Haha touché. That said, the VCF files I get are often named things like 2013.08.23.11.07.16_GenomeSub_mcgill_vcf_316_HCSl_Marshfield06.flt.vcf, and, as per custom, I would usually try to add another suffix to the end with each processing step (e.g. file.flt.annotated.subset.vcf).

After much consternation, I settled on a more sensible output filename, and ran the following:

java -Xms2G -Xmx5G -jar /filer/tools/exomiser/exomiser-cli-6.0.0/exomiser-cli-6.0.0.jar \
  --min-qual 30 --max-freq 1.0 --out-format TAB-VARIANT \
  --prioritiser hiphive --keep-off-target false --keep-non-pathogenic false \
  --hpo-ids HP:0000047,HP:0000154,HP:0000219,HP:0000322,HP:0000325,HP:0000369,HP:0000445,HP:0000446,HP:0002474,HP:0002608,HP:0003189,HP:0005274,HP:0006889,HP:0009765 \
  --vcf /dupa-filer/buske/phenomecentral/geno/vcf/F0000009/2012.07.05.09.38.07_GenomeSub_mcgill_vcf_KB_174_81272.vcf \
  --out-file /dupa-filer/buske/phenomecentral/geno/vcf/F0000009/F0000009.vcf

(Technically, I ran it with --out-format TAB-GENE,TAB-VARIANT,VCF, but we'll ignore that for now) I was hoping it would generate the specified output file: /dupa-filer/buske/phenomecentral/geno/vcf/F0000009/F0000009.vcf Unfortunately, instead it tries to create: /dupa-filer/buske/phenomecentral/geno/variant.tsv/F0000009/F0000009.variant.tsv

IPS5's solution seems a bit like overkill to me. I'd still suggest the long-term solution be an --out-prefix PREFIX, where you then create PREFIX.vcf, PREFIX.variant.tsv, or any other suffixes that are specified by the out-formats. I dislike --out-file because at the end of the day, it doesn't really set the name of the output file, it's a suggestion that is only the actual output file if the suffix matches and only that out-format is specified. :)

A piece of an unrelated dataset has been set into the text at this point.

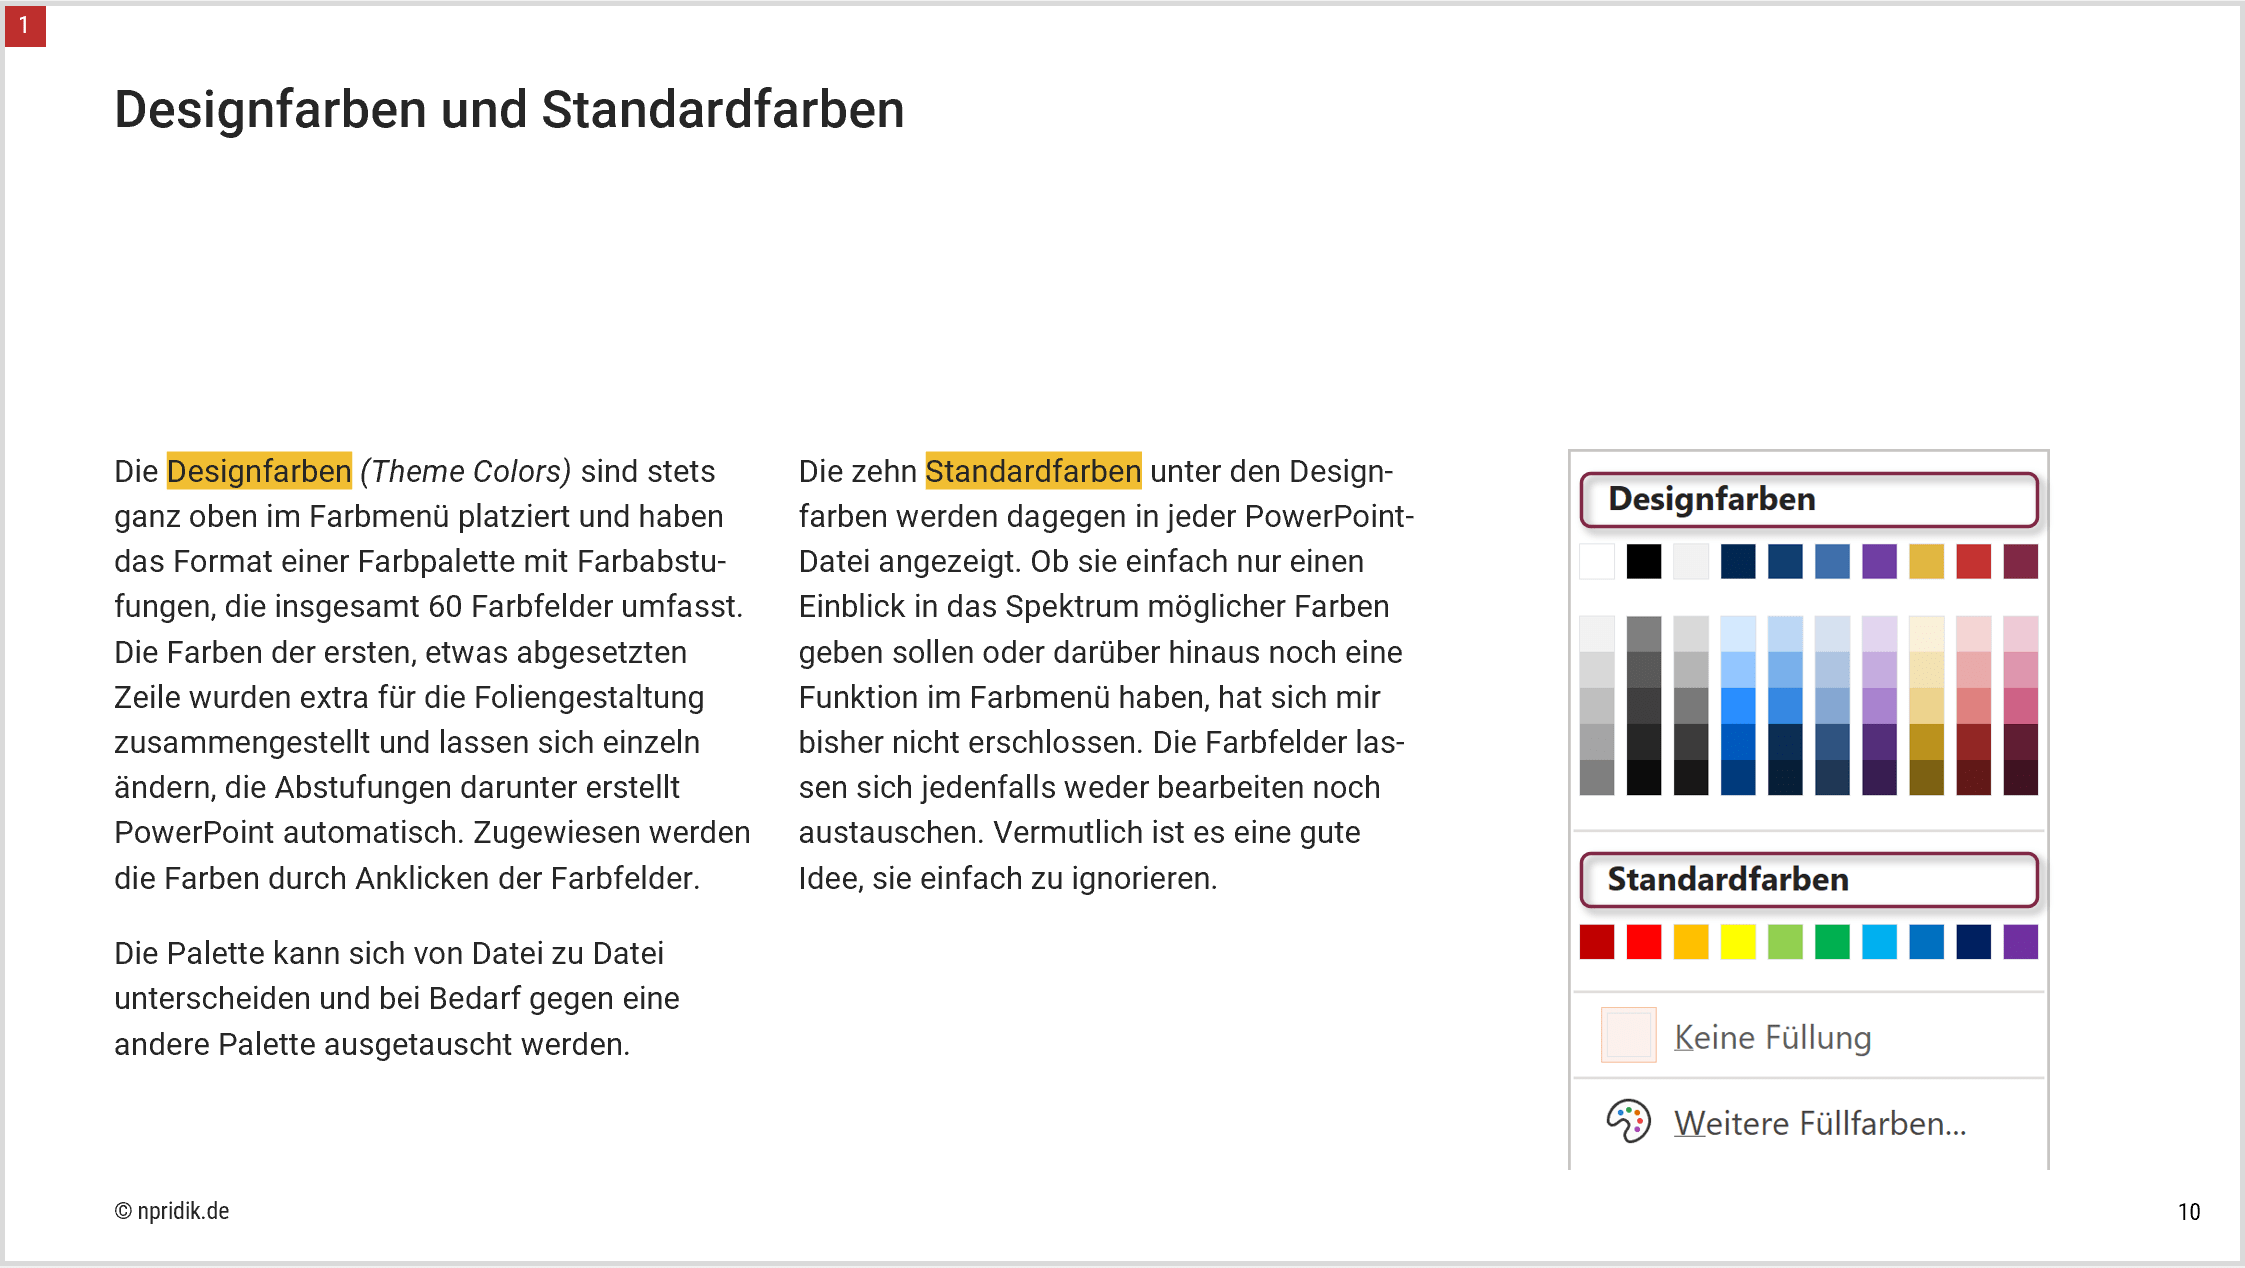 Auf der Seite mit dem Titel Designfarben und Standardfarben ist am Anfang der beiden Textspalten das Wort Designfarben bzw. Standardfarben farblich markiert.

buske commented 9 years ago

I've found the out-prefix pattern to be used pretty extensively, e.g. by samtools and plink.

julesjacobsen commented 9 years ago

OK so let's formalise this and I'll close this today. Basically whatever the input name or output prefixes are exomiser will simply append the specified output format. The exception being when no out-prefix is specified in which case exomiser-results is appended between the input filename and the output format file extension.

Given the exomiser settings with a specified out-prefix

--vcf /dupa-filer/buske/phenomecentral/geno/vcf/F0000009/2012.07.05.09.38.07_GenomeSub_mcgill_vcf_KB_174_81272.vcf 
--out-prefix /dupa-filer/buske/phenomecentral/geno/vcf/F0000009/F0000009.vcf
--out-format TAB-GENE,TAB-VARIANT,VCF,HTML

When exomiser writes out the results files Then they will be named:

/dupa-filer/buske/phenomecentral/geno/vcf/F0000009/F0000009.vcf.vcf
/dupa-filer/buske/phenomecentral/geno/vcf/F0000009/F0000009.vcf.genes.tsv
/dupa-filer/buske/phenomecentral/geno/vcf/F0000009/F0000009.vcf.variants.tsv
/dupa-filer/buske/phenomecentral/geno/vcf/F0000009/F0000009.vcf.html

Given the exomiser settings with specified out-prefix

--vcf /dupa-filer/buske/phenomecentral/geno/vcf/F0000009/2012.07.05.09.38.07_GenomeSub_mcgill_vcf_KB_174_81272.vcf 
--out-format TAB-GENE,TAB-VARIANT,VCF,HTML

When exomiser writes out the results files Then they will be named:

/dupa-filer/buske/phenomecentral/geno/vcf/F0000009/2012.07.05.09.38.07_GenomeSub_mcgill_vcf_KB_174_81272.vcf-exomiser-results.vcf
/dupa-filer/buske/phenomecentral/geno/vcf/F0000009/2012.07.05.09.38.07_GenomeSub_mcgill_vcf_KB_174_81272.vcf-exomiser-results.genes.tsv
/dupa-filer/buske/phenomecentral/geno/vcf/F0000009/2012.07.05.09.38.07_GenomeSub_mcgill_vcf_KB_174_81272.vcf-exomiser-results.variants.tsv
/dupa-filer/buske/phenomecentral/geno/vcf/F0000009/2012.07.05.09.38.07_GenomeSub_mcgill_vcf_KB_174_81272.vcf-exomiser-results.html
buske commented 9 years ago

@julesjacobsen This is great. Thanks, Jules!